**What is being asked**:
Copy the listing in full and exactly, omitting its images.

**Supplied data**:
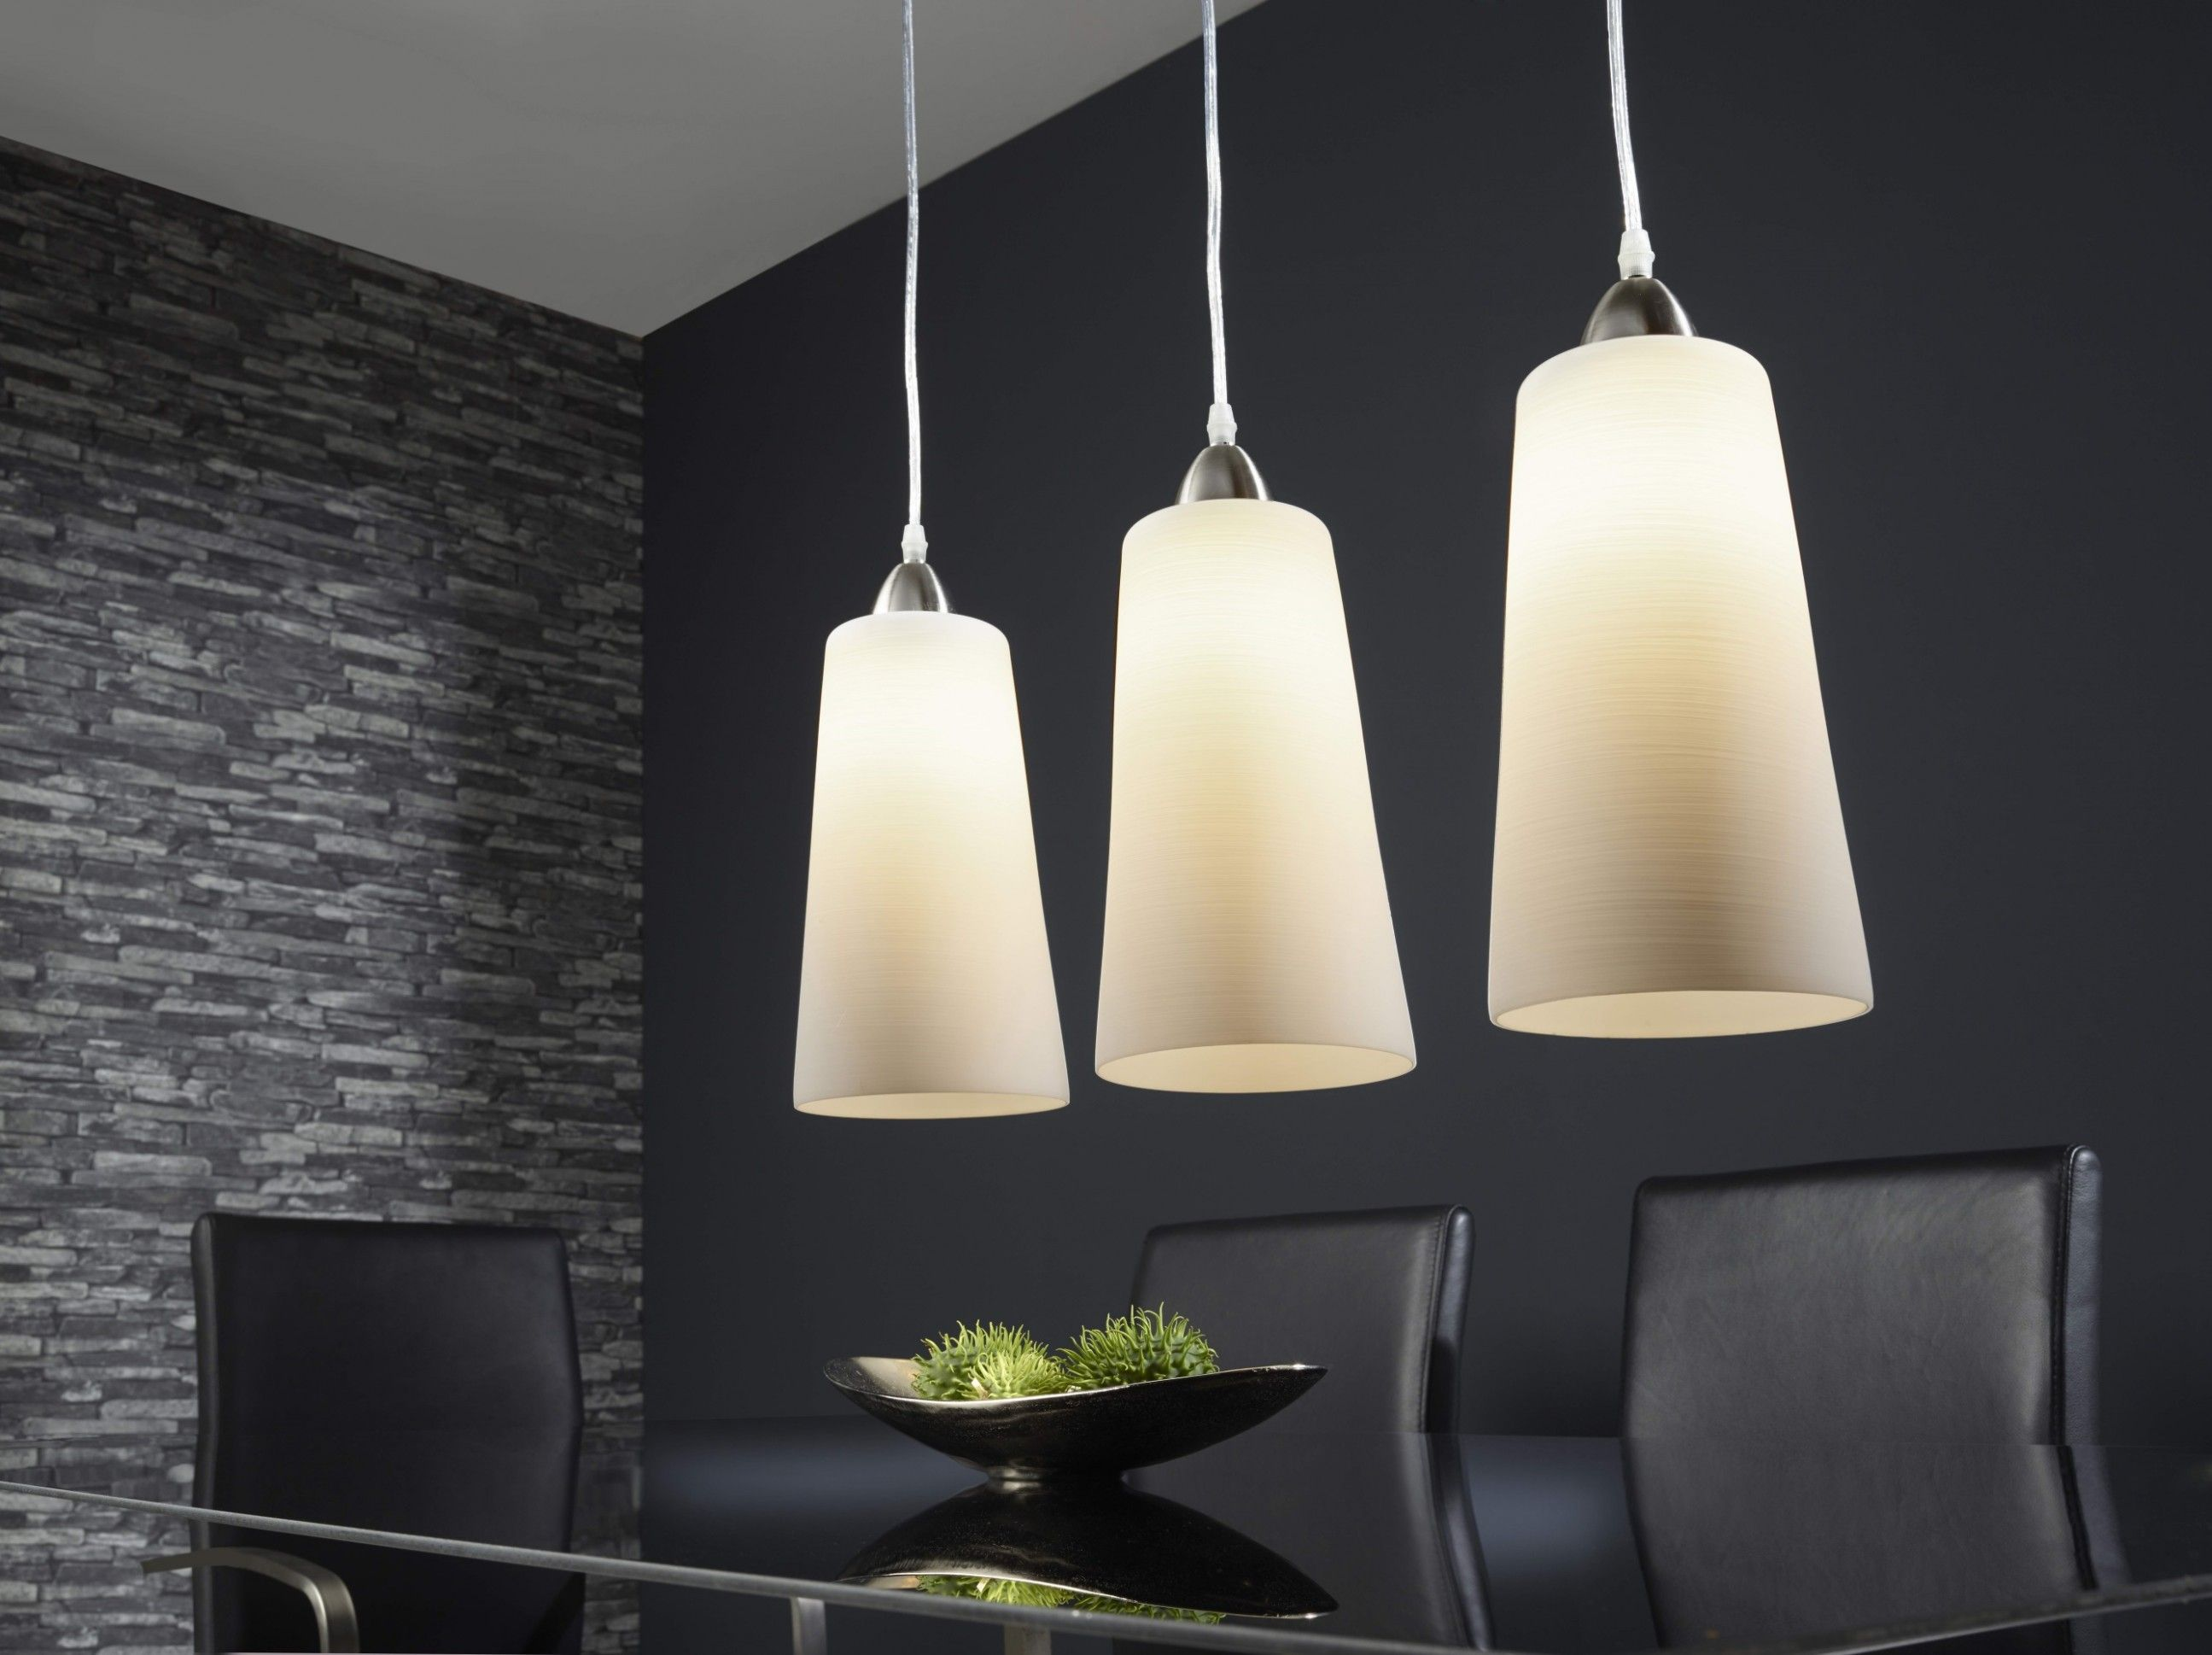 Wohnzimmer Lampe Wieviel Watt in 9  Lampe küche, Lampe, Küche obi
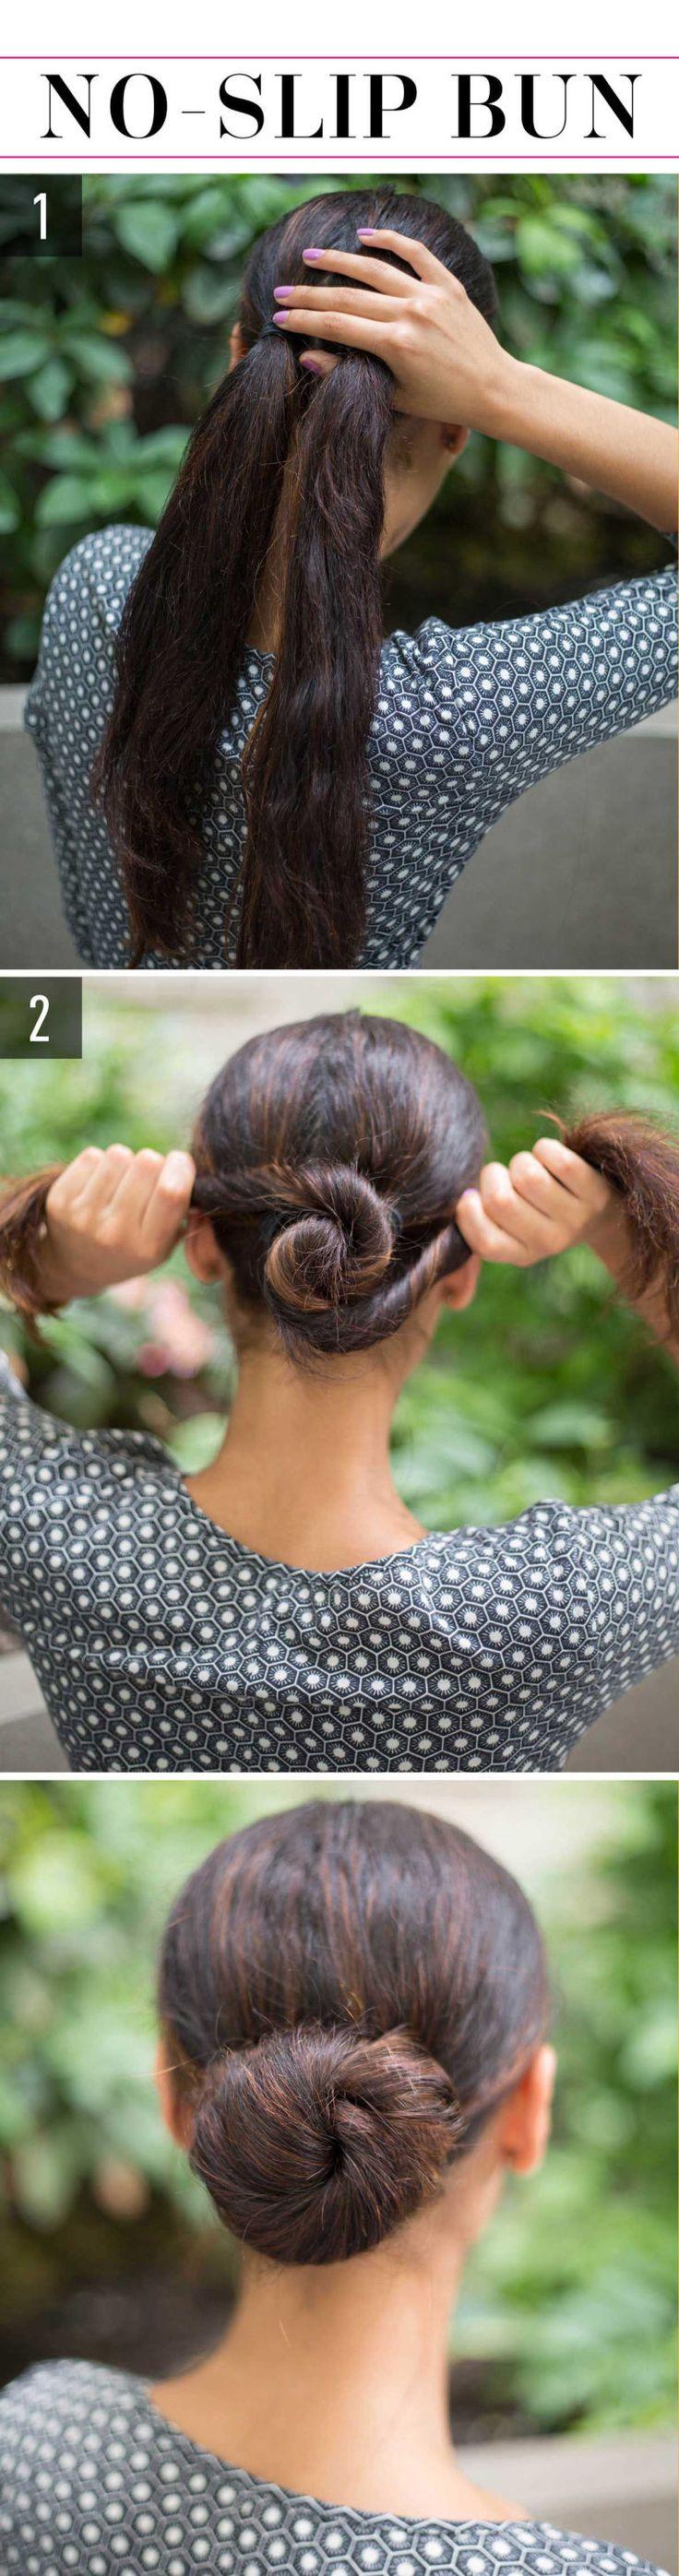 Best 255 Type 4 1 Daughter ideas on Pinterest
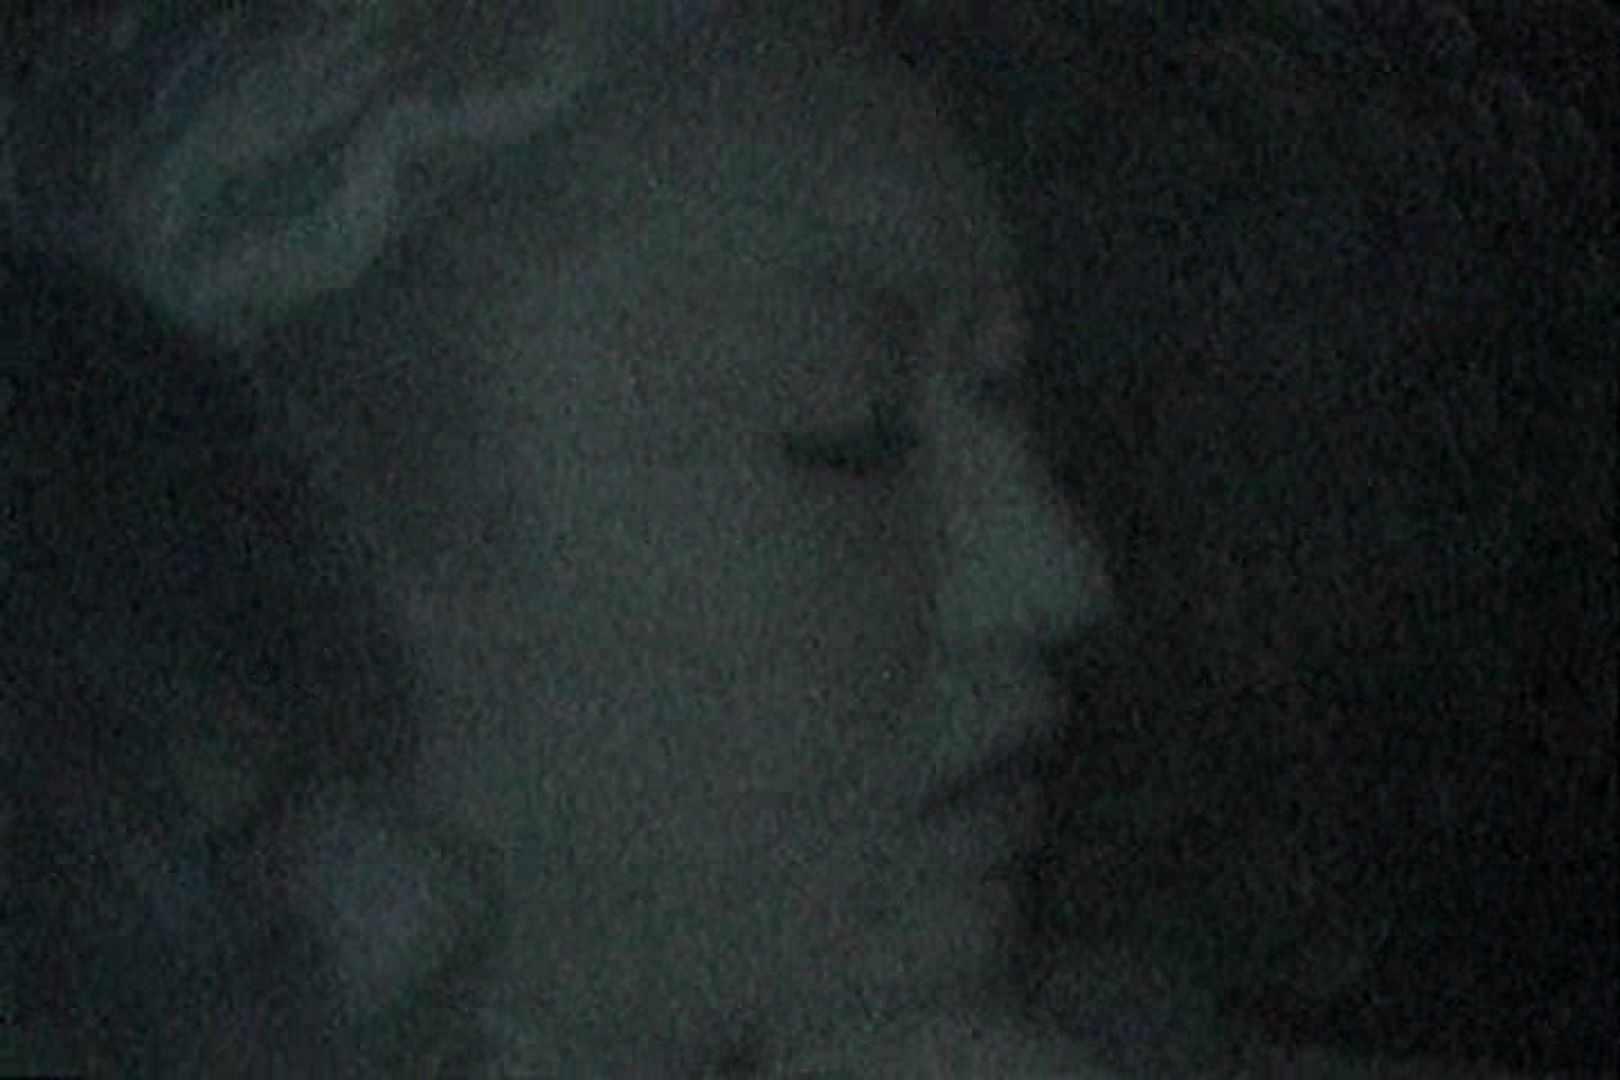 充血監督の深夜の運動会Vol.139 OL女体 覗きおまんこ画像 87連発 77
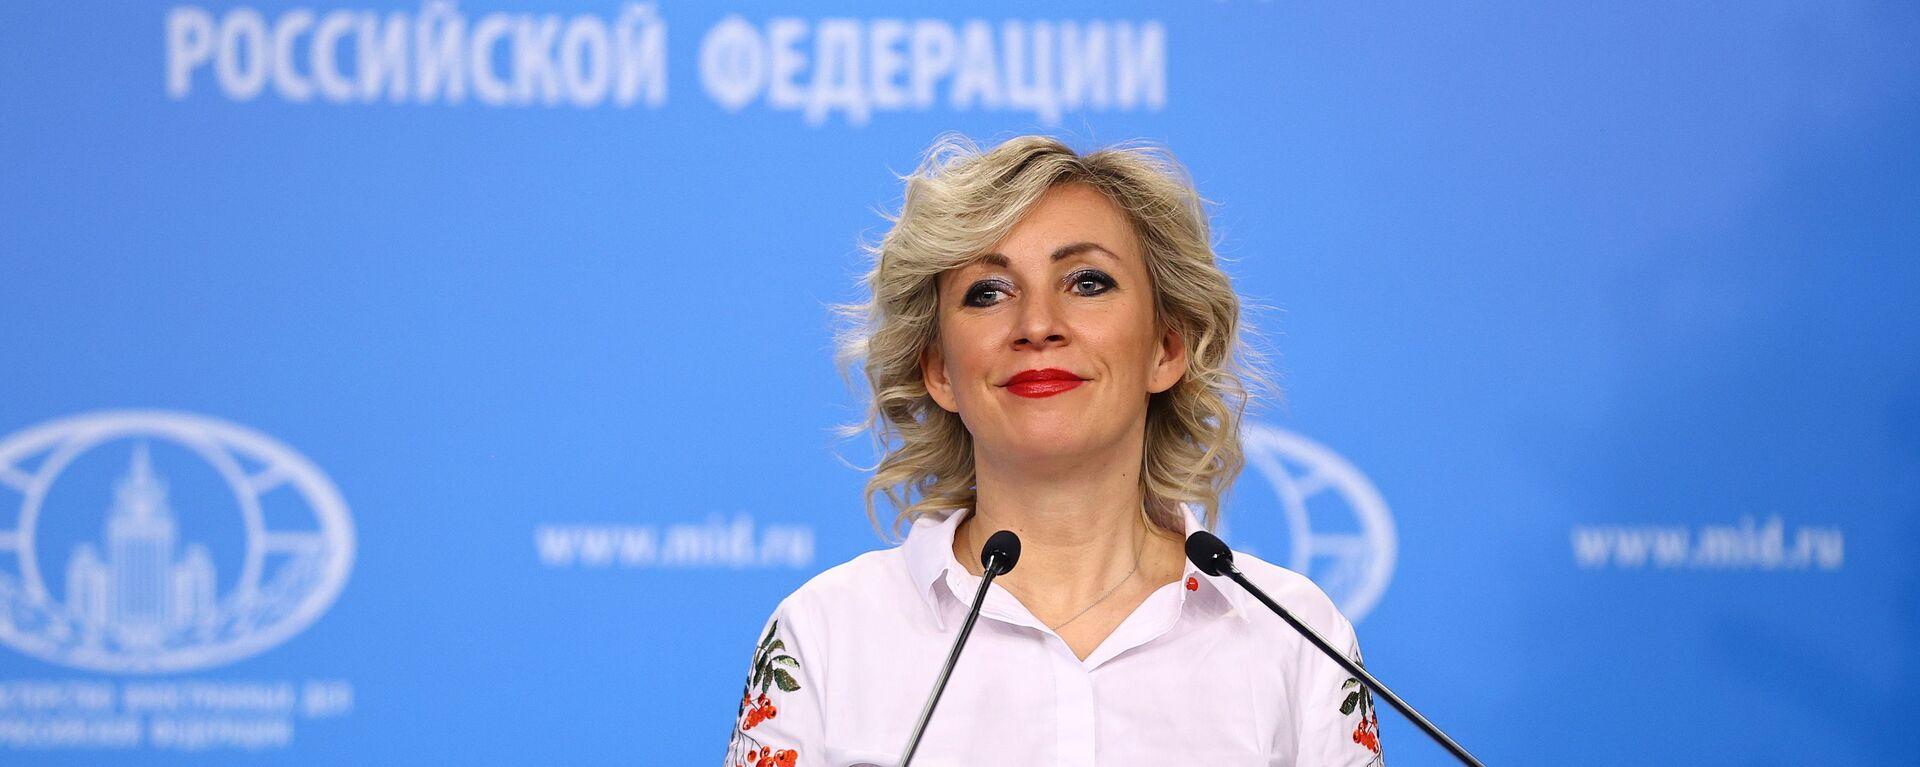 María Zajárova, portavoz del ministerio de Asuntos Exteriores de Rusia - Sputnik Mundo, 1920, 09.03.2021

**Solution to the exercise**:
 Wohnzimmer Lampe Wieviel Watt in 9  Lampe küche, Lampe, Küche obi
 Best 255 Type 4 1 Daughter ideas on Pinterest
 充血監督の深夜の運動会Vol.139 OL女体 覗きおまんこ画像 87連発 77
 María Zajárova, portavoz del ministerio de Asuntos Exteriores de Rusia - Sputnik Mundo, 1920, 09.03.2021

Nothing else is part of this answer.